Trumpets kept pretty much to themselves as fanfare instruments throughout the Renaissance and even into the Baroque, and the instrument actually changes very little over that time. Without the trumpet, the usual Renaissance brass ensemble consisted of the sackbut with the cornetto, or Zink, as Praetorius and his countrymen termed it (also known in England simply as the “cornet” or “cornett”). Thus, depite larger sizes of cornetto including the “lizard” and “serpent,” the most common combination for the cornetto was with sackbuts.

Cornetto. Woodcut by Tobias Stimmer (1539-85).

 

Ivory Oliphant. Horn of St Blasius. Sicilian (12th century). Cleveland Museum of Art, 30.740.

Cornetts, sackbuts, & curtal. Lo Splendore d’Italia. The Whole Noyse. Intrada II 58602 (1993). Trk 36 Canzon vigesimaterza.

 

The cornetto is unusual in that it has no descendants among today’s instruments: it’s like a woodwind, in that it is essentially a tube with fingerholes to change the pitch; but what makes it unusual is that it produces the sound by means of a small trumpet-like mouthpiece, creating — according to some listeners — a tone that sounds like a cross between a soft trumpet and an oboe. The name “cornetto” derives from corno, the horn or ivory from which instruments like the oliphant were made earlier in the Middle Ages. Renaissance cornetti were sometimes made of ivory also, but most typically of wood with a glued cover of blackened leather. Two plain wooden types of cornetti existed as well, however: the cornetto diritto (a straight cornett of tapered wood), and the cornetto muto (like the straight cornett but with a mouthpiece integral to the body of the instrument instead of detachable). As its name implies, the cornetto muto was softer than the other types.

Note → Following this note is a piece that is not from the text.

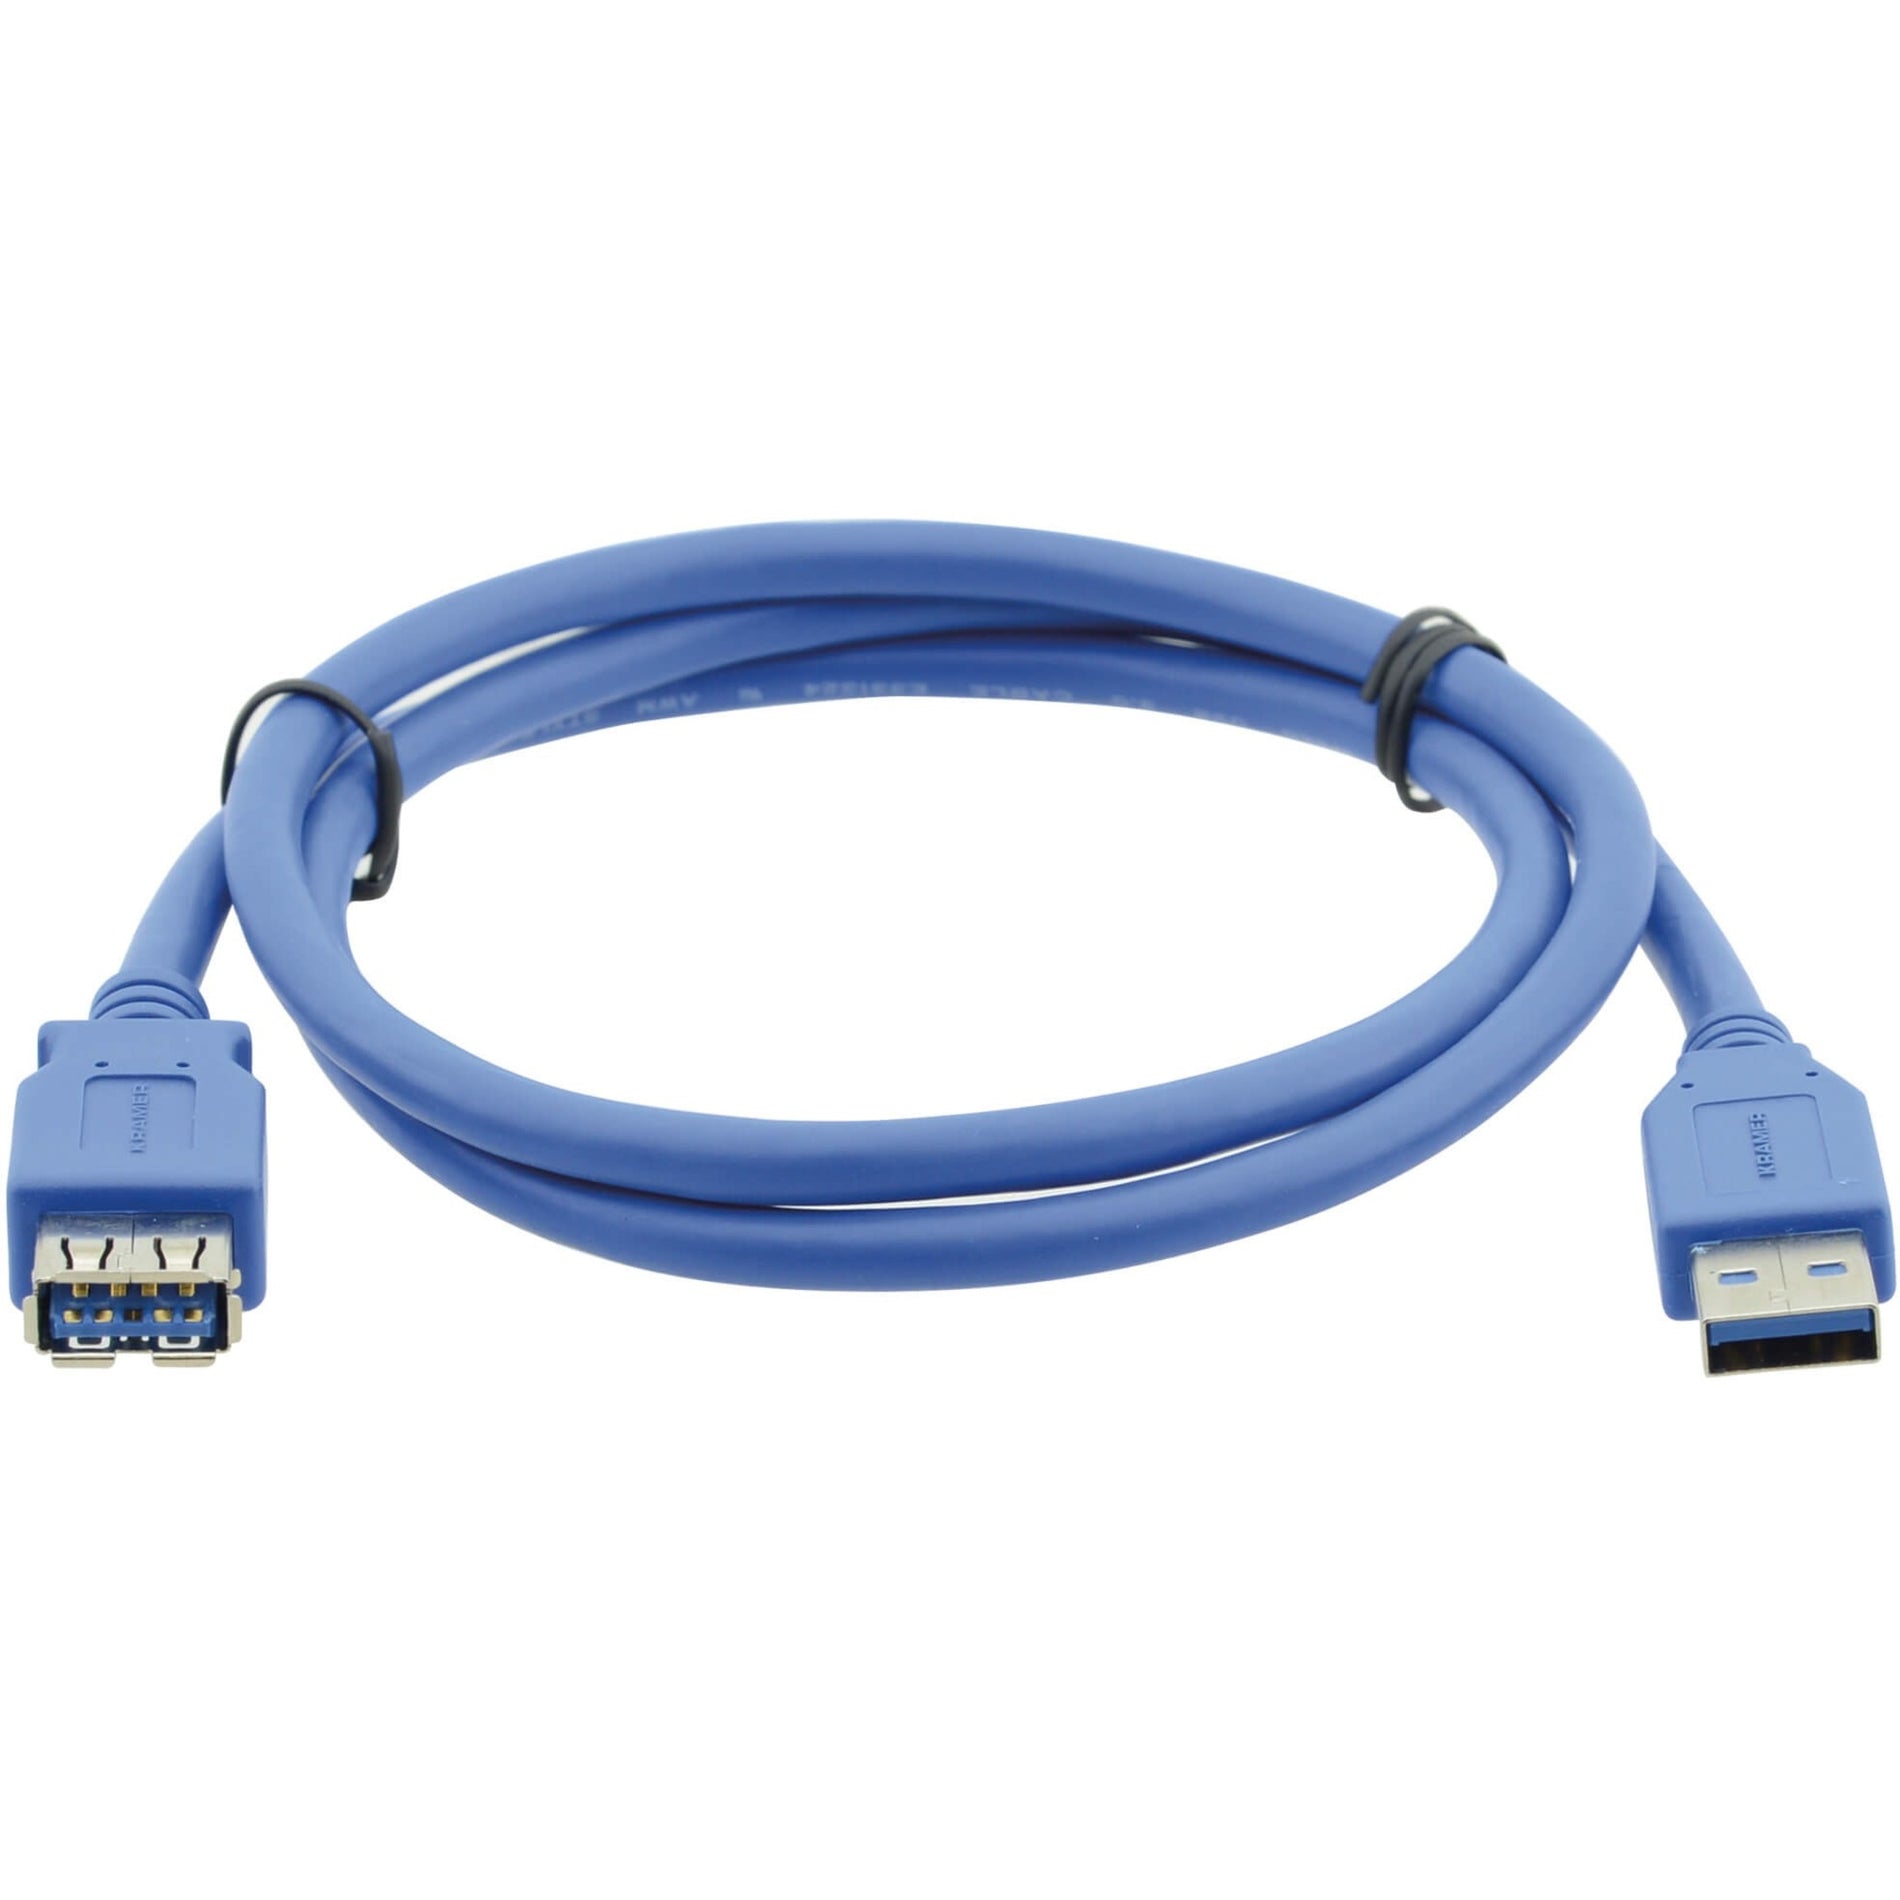 Kramer 96-02310006 USB 3.0 A (M) to A (F) Extension Cable, 6 ft, Strain Relief, EMI/RF Protection

Cornettino, cornett, lizard, cornetto diritto, cornetto muto. Plate VIII (detail) from Syntagma Musicum II, De Organographia, by Michael Praetorius (1618-19). Serpent from Harmonie Universelle by Marin Mersenne (1635), bk. 5, prop. 24.

 

Wind band with shawms, cornett, sackbuts, and curtal. Procession in Brussels (detail, 1615). Dennis van Alsloot. Madrid, Prado.

Cornett with chitarrone & viol. Quel Lascivissimo Cornetto: Virtuoso solo music for cornetto. Bruce Dickey, cornetto, with Tragicomedia. Accent ACC 9173 D (1991). Trk 13 Petite fleur (excerpt — ornaments by Dalla Casa).

 

The cornetto’s advantage over the trumpet was its great melodic flexibility, and that is probably why it was preferred as the treble instrument in ensemble combinations with the sackbut. That flexibility was exploited in a late-Renaissance repertoire for solo cornetto that was eventually surpassed only by the pyrotechnics of the violin in the early Baroque era.